Repeat exactly the lines of the records below, starting at the line containing "yeast proofing in a cup" and ending at the line containing "Burberry Leopard Calfhair Banner Tote Bag". Leave the pictures out.

* Source material
◇ ◇ ◇ ◇

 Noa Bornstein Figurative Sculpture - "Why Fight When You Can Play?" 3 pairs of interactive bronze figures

◇ ◇ ◇ ◇

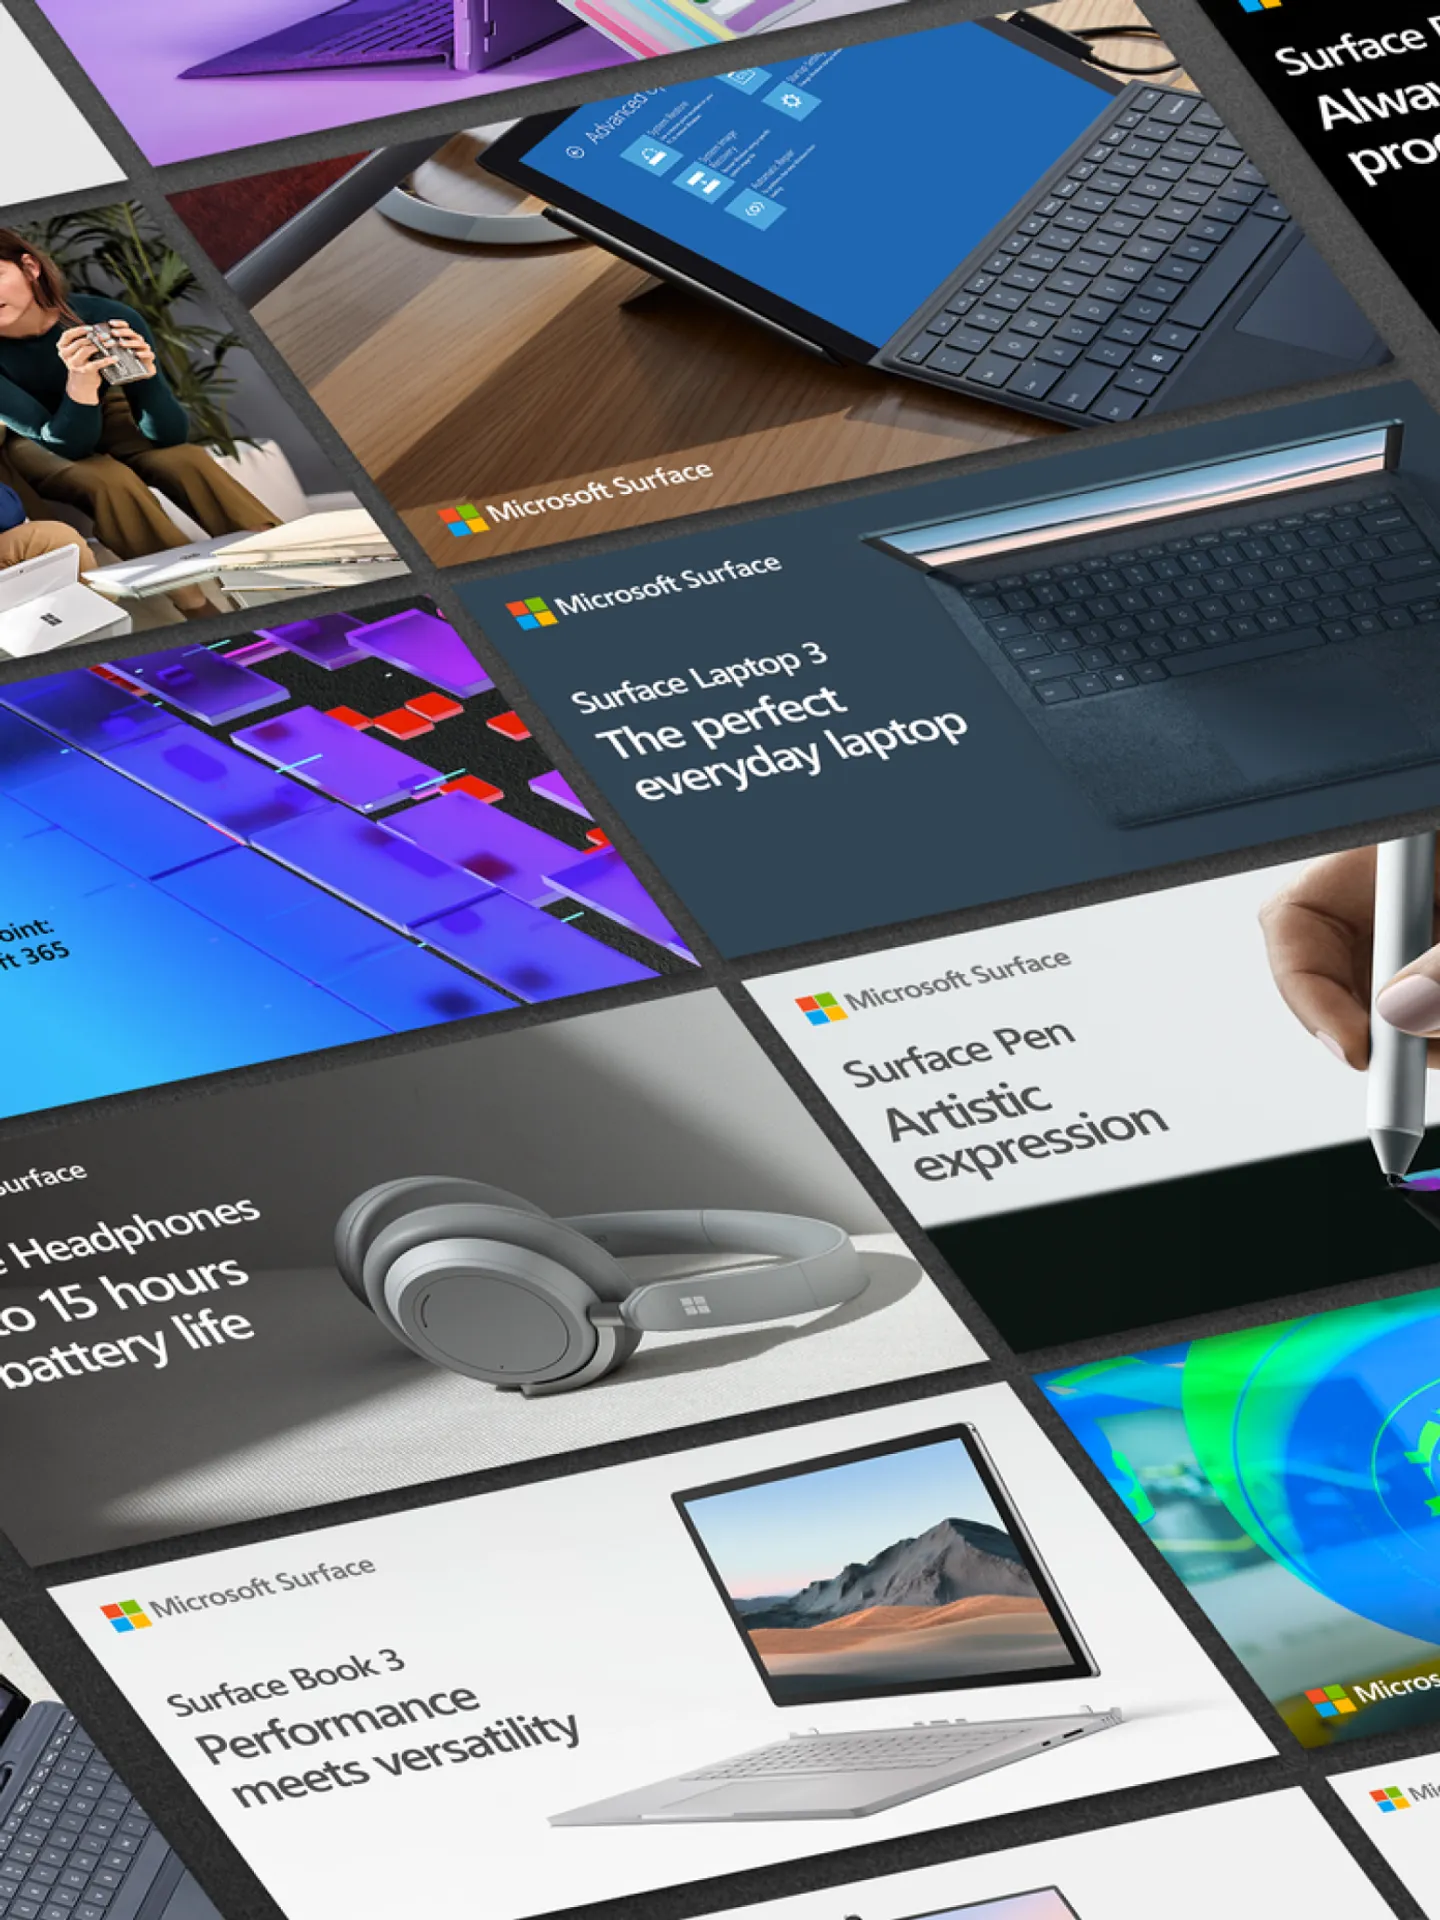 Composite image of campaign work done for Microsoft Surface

◇ ◇ ◇ ◇

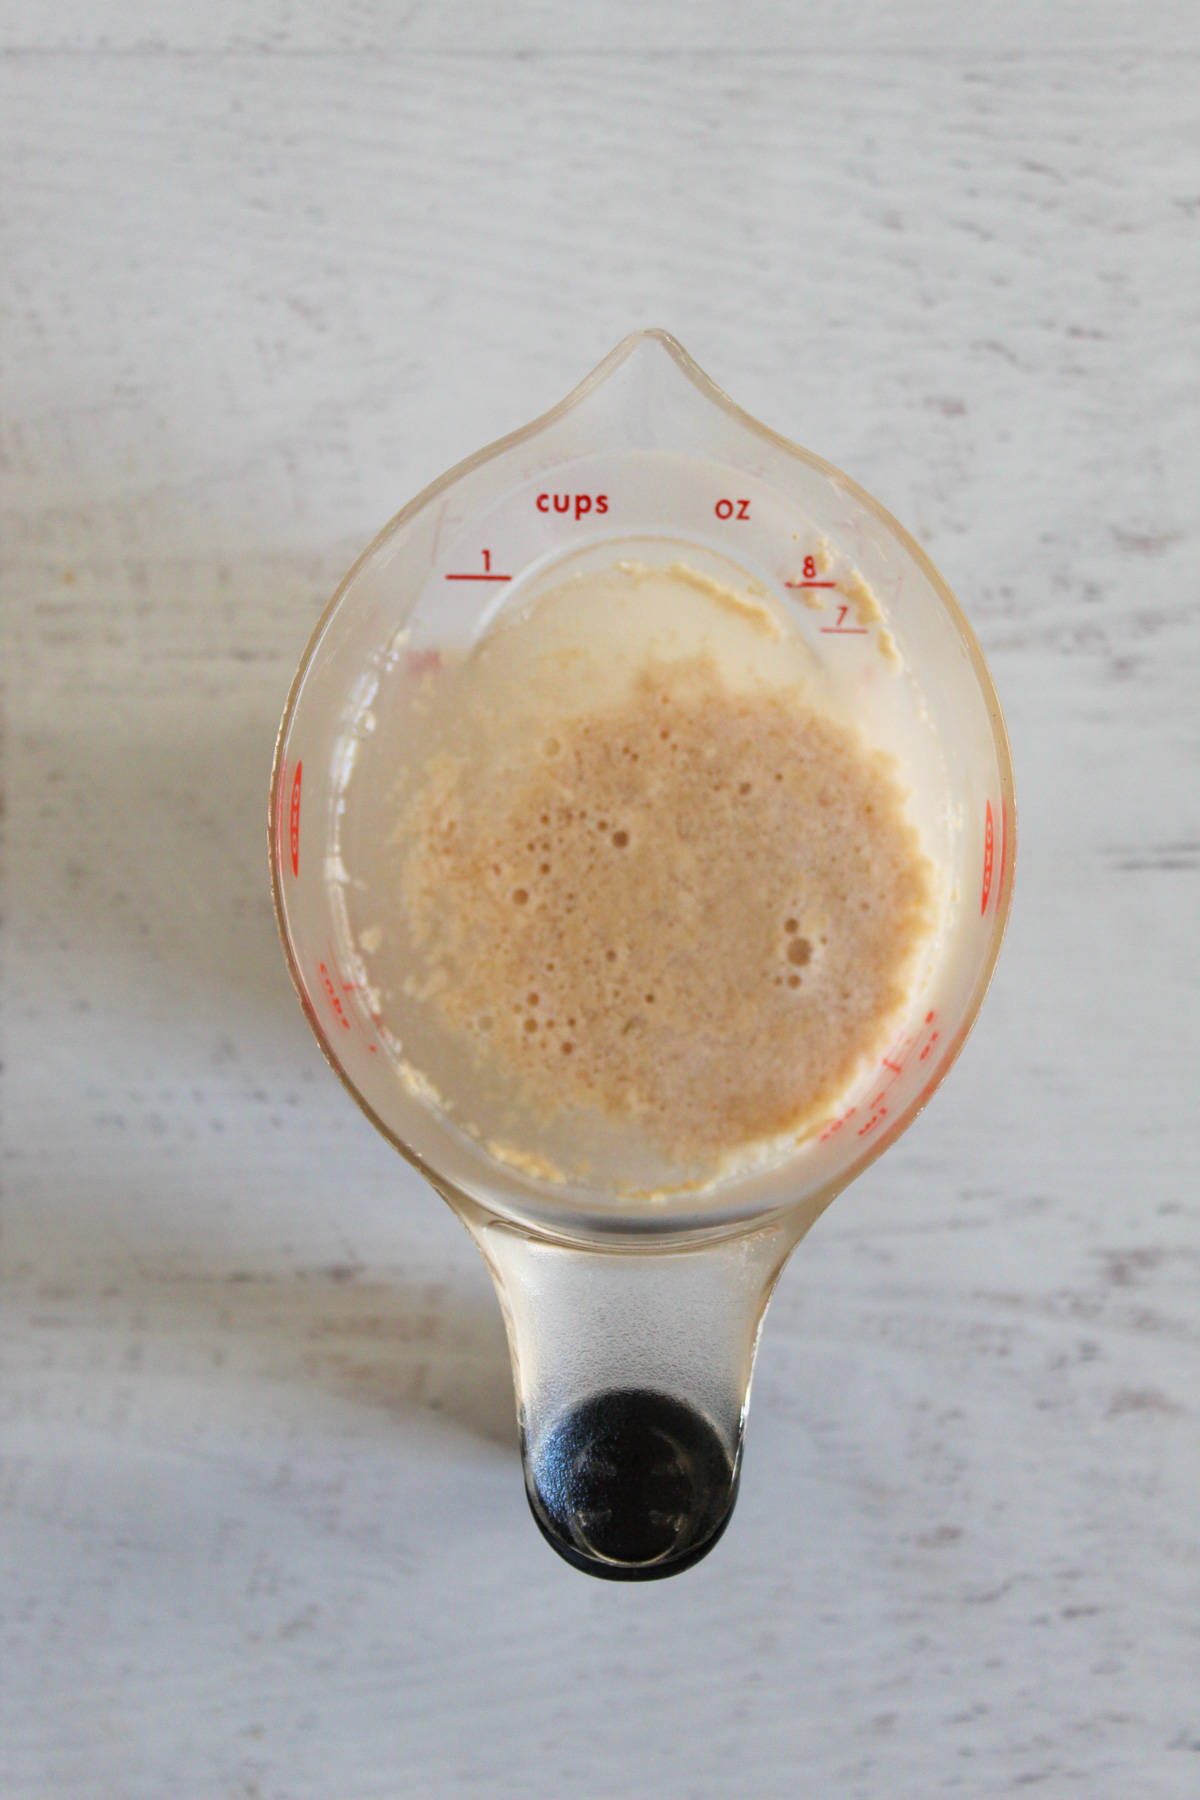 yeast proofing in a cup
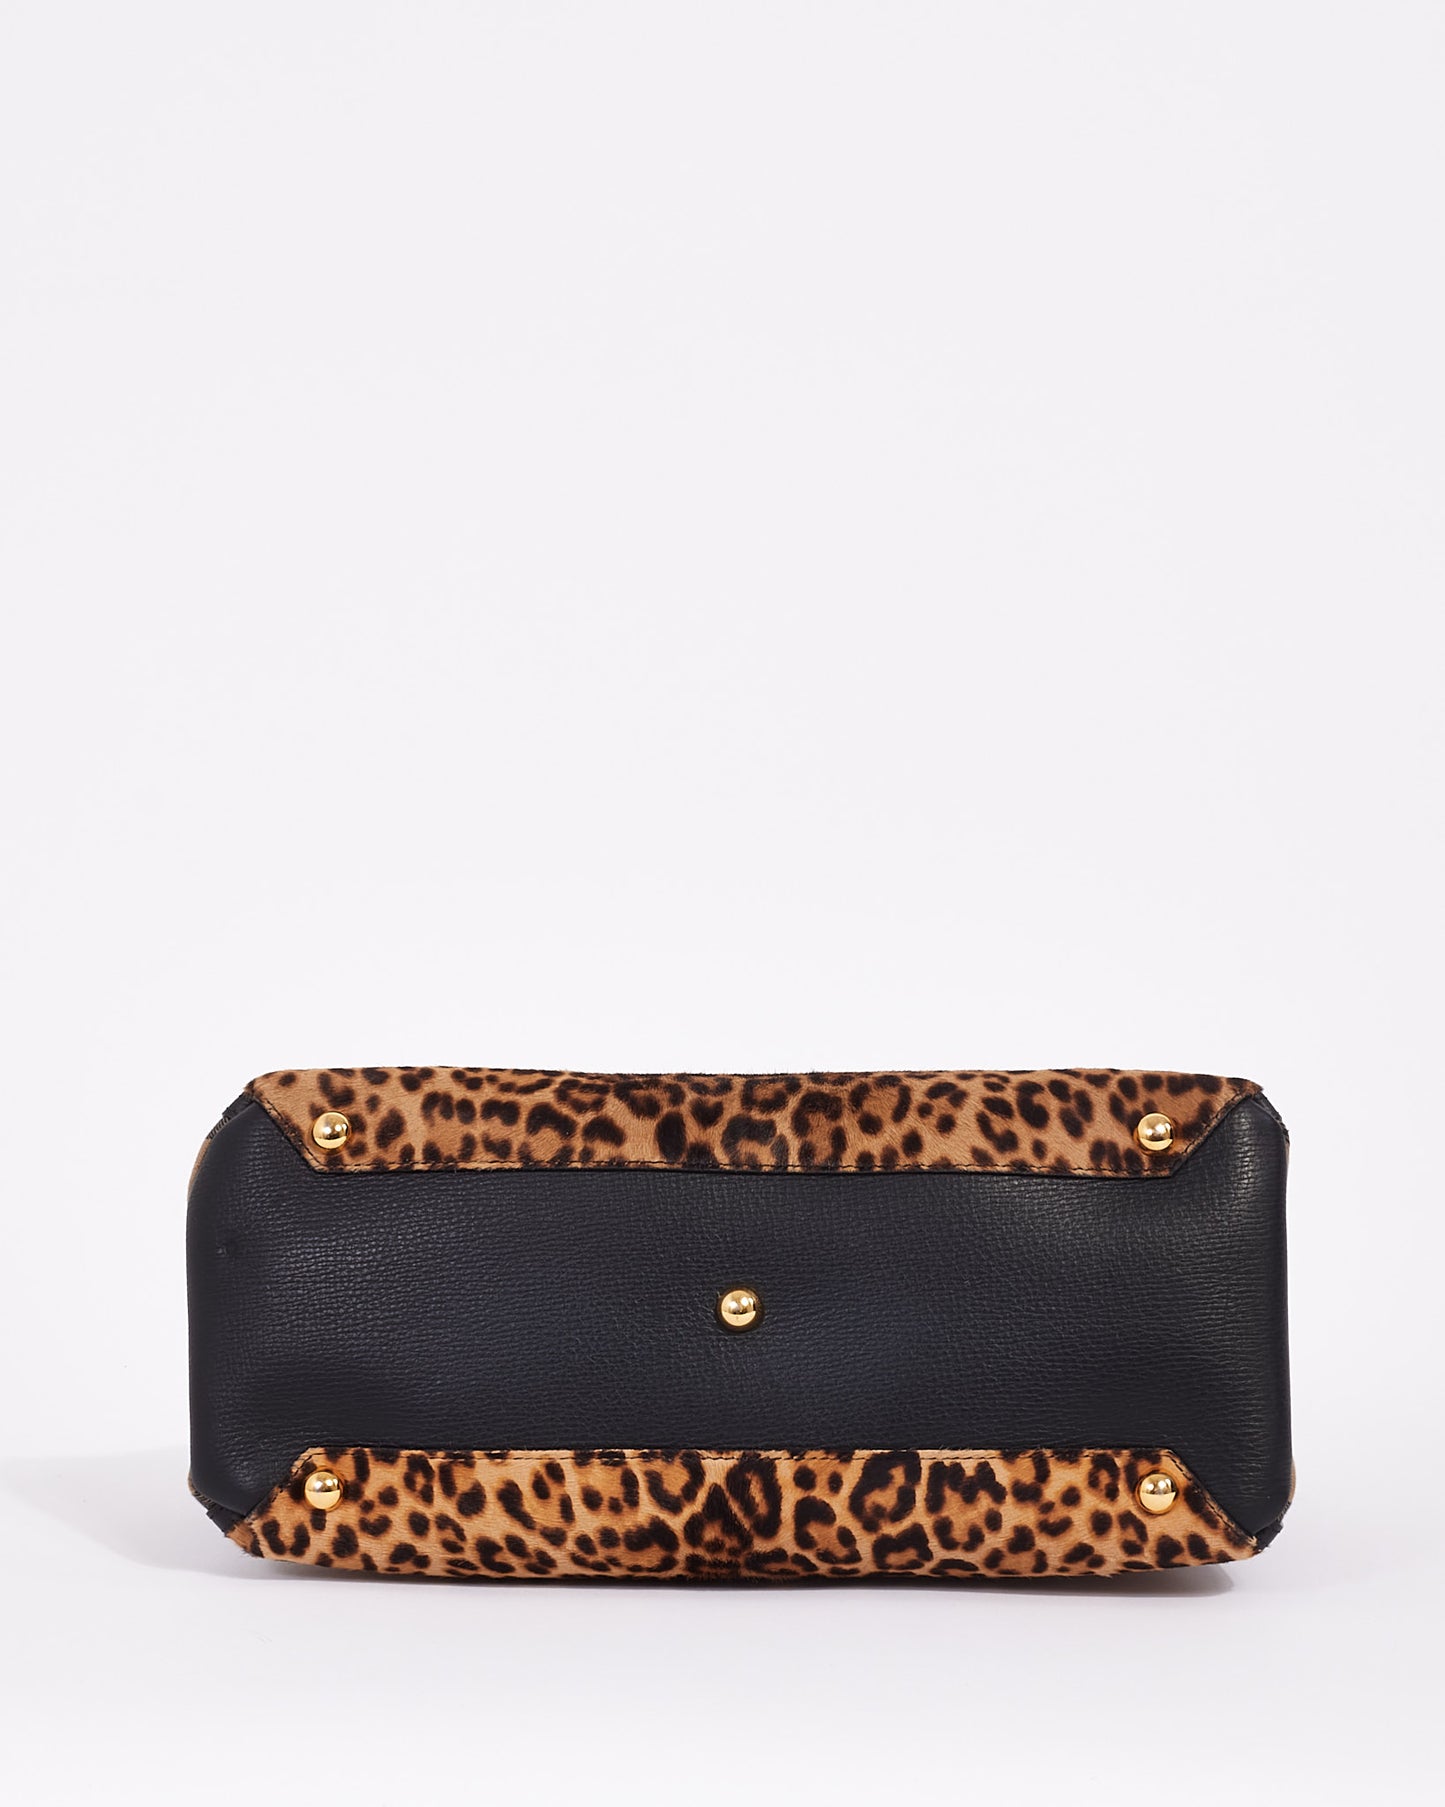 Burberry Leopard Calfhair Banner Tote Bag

◇ ◇ ◇ ◇

* Solution for this problem
 yeast proofing in a cup
 Burberry Leopard Calfhair Banner Tote Bag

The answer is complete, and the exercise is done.